Andre yang tak bisa tahan lagi langsung memeluknya, untuk pertama kali ia memeluk sang istri dengan erat. Sedangkan Ayu mengedipkan matanya ke sang suami. Sebenarnya mereka berdua hanya acting saja. Mereka tak benar-benar menginginkan Andre dan Zahra bercerai karena bagaimanapun mereka sudah sangat menyayangi Zahra seperti putrinya sendiri.
"Za, jangan bilang seperti itu," ujar Andre menitikkan air mata.

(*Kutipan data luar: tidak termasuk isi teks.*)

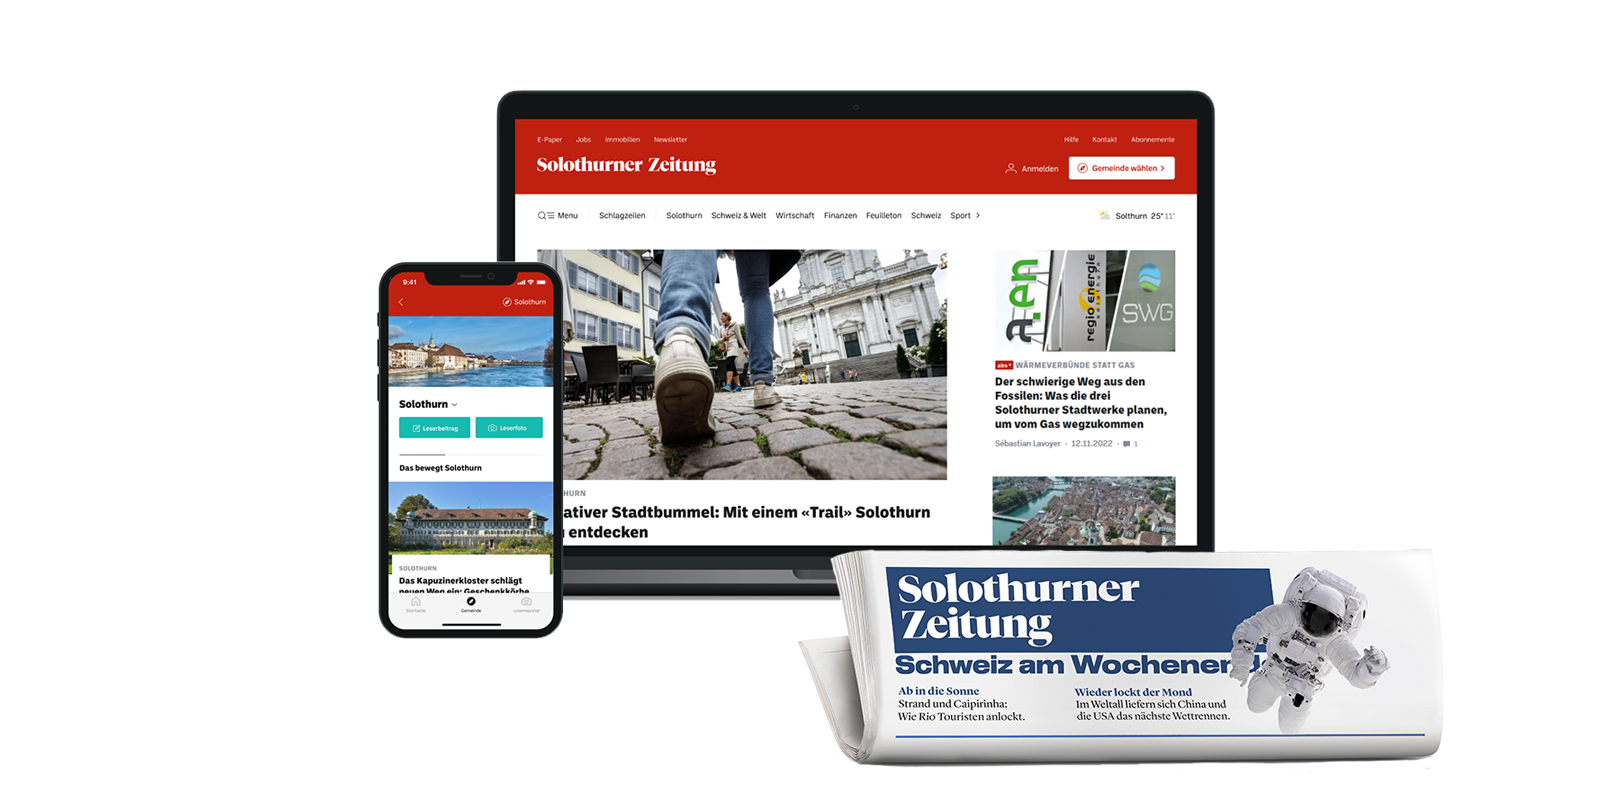 Solothurner Zeitung, solothurnerzeitung.ch
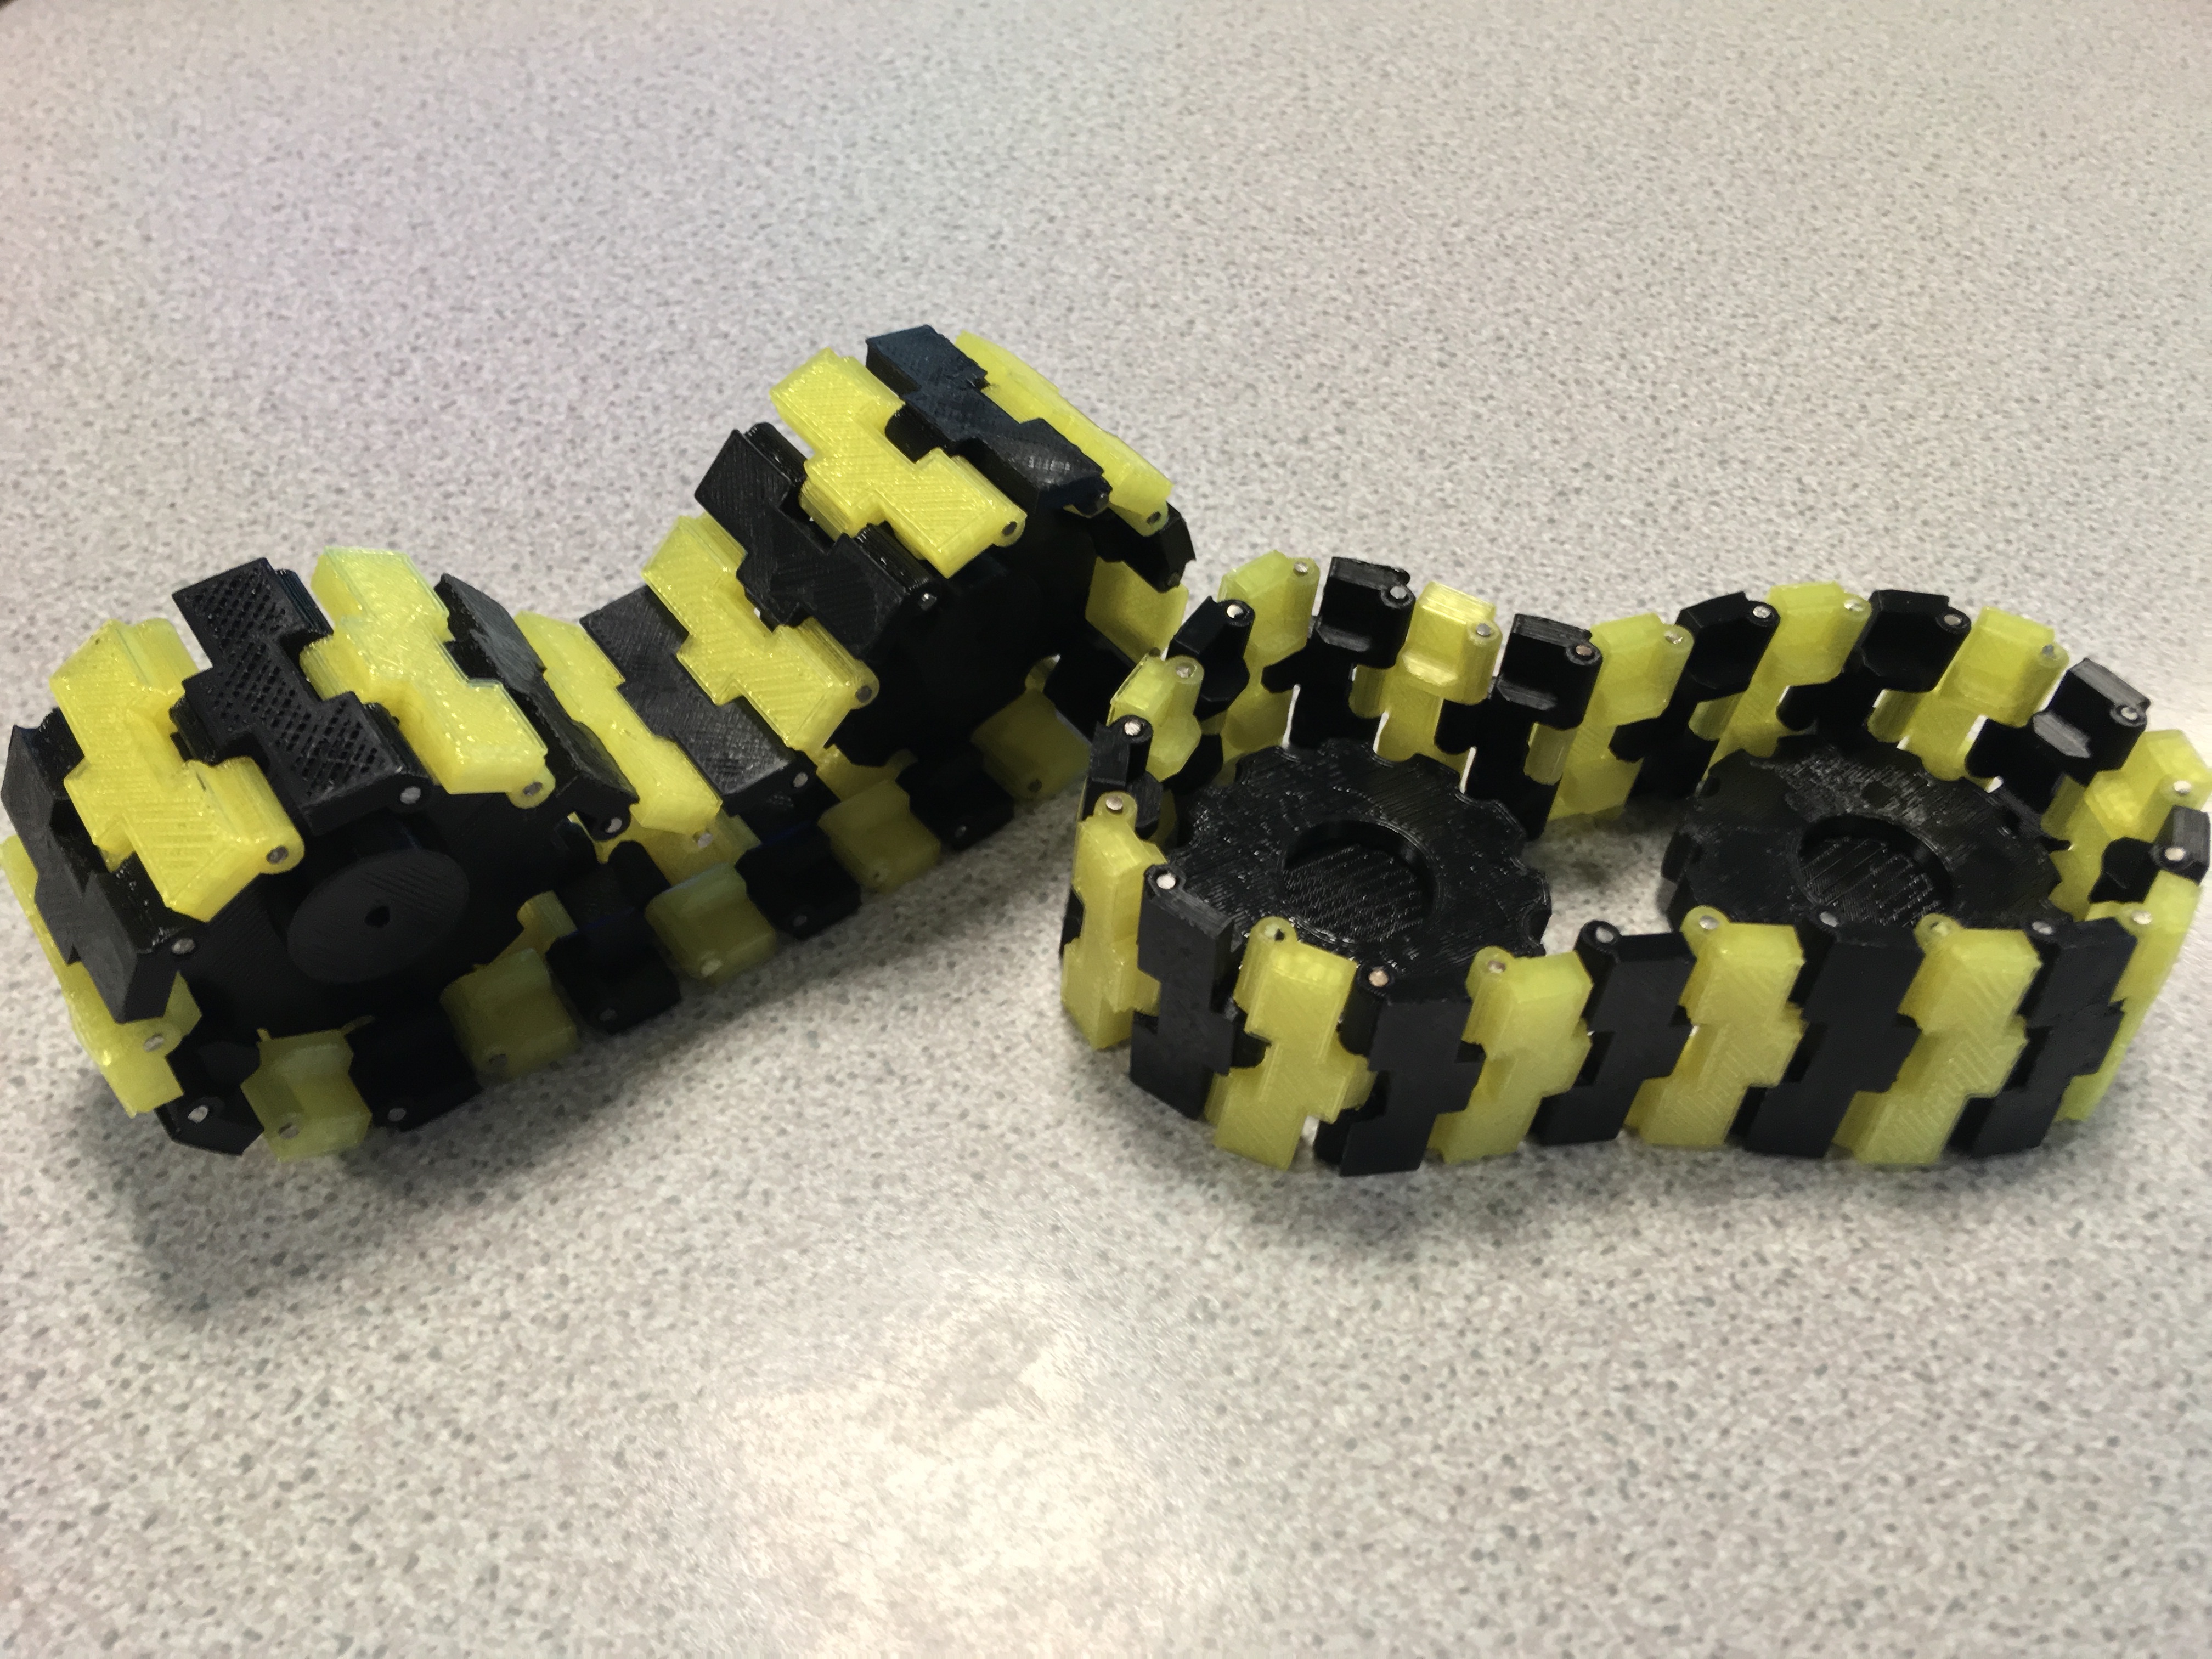 The 3D printed caterpillar tracks

"Kenapa, Mas? Bukankah ini yang kamu mau dari dulu! Mama sama Papa juga setuju jika kita berpisah, begitupun denganku. Dan aku yakin Abah dan Umi pun juga pasti setuju. Aku tau ini berat, tapi aku yakin setelah ini kita bisa menjalani kehidupan kita masing-masing. Aku akan menjalani kehidupan baruku dengan statusku sebagai janda, begitupun dengan Mas Andre. Mungkin memang jodoh kita sampai di sini saja," ucap Zahra tanpa membalas pelukan suaminya.
"Enggak mau. Entah kenapa hatiku sakit, Za. Aku emang belum mencintai kamu, tapi mendengar kata kamu ingin berpisah, membuat hatiku sakit. Aku masih belum rela pisah dari kamu. Beri aku kesempatan, aku janji akan membahagiakanmu. Ayo kita mulai dari awal," ujar Andre sambil melepas pelukannya.
"Mas, kamu yakin? Mau memulai semuanya dari awal?" tanya Zahra.
"Iya, aku yakin. Aku akan belajar mencintaimu. Aku janji, aku gak akan menyia-nyiakan kamu lagi," ujar Andre berusaha meyakinkan Zahra.
Zahra menatap mertuanya dan mereka pun menganggukan kepala.
"Baiklah, aku beri kesempatan. Aku tau ini bukan sepenuhnya salah Mas Andre. Aku mengerti. Memang di antara kita belum ada cinta, tapi jika Mas Andre mau belajar mencintaiku, aku pun akan melakukan hal yang sama. Tapi ingat Mas, jangan pernah sekalipun mengkhianatinya aku, mengkhianati pernikahan kita karena jika itu terjadi, tak ada kata maaf buat Mas Andre," ucap Zahra.
Andre pun menganggukkan kepala lalu mereka berpelukan lagi. Melihat hal itu, Agus dan Ayu pun tersenyum lega. Mereka berharap setelah ini Andre benar-benar memperlakukan Zahra dengan baik dan bisa membahagiakan Zahra.
Ayu memberi kode kepada sang suami, Agus yang mengerti akhirnya langsung pergi. Ya mereka berdua pergi ke taman belakang dan memberikan waktu berdua untuk anak dan menantunya agar memperbaiki masalahnya.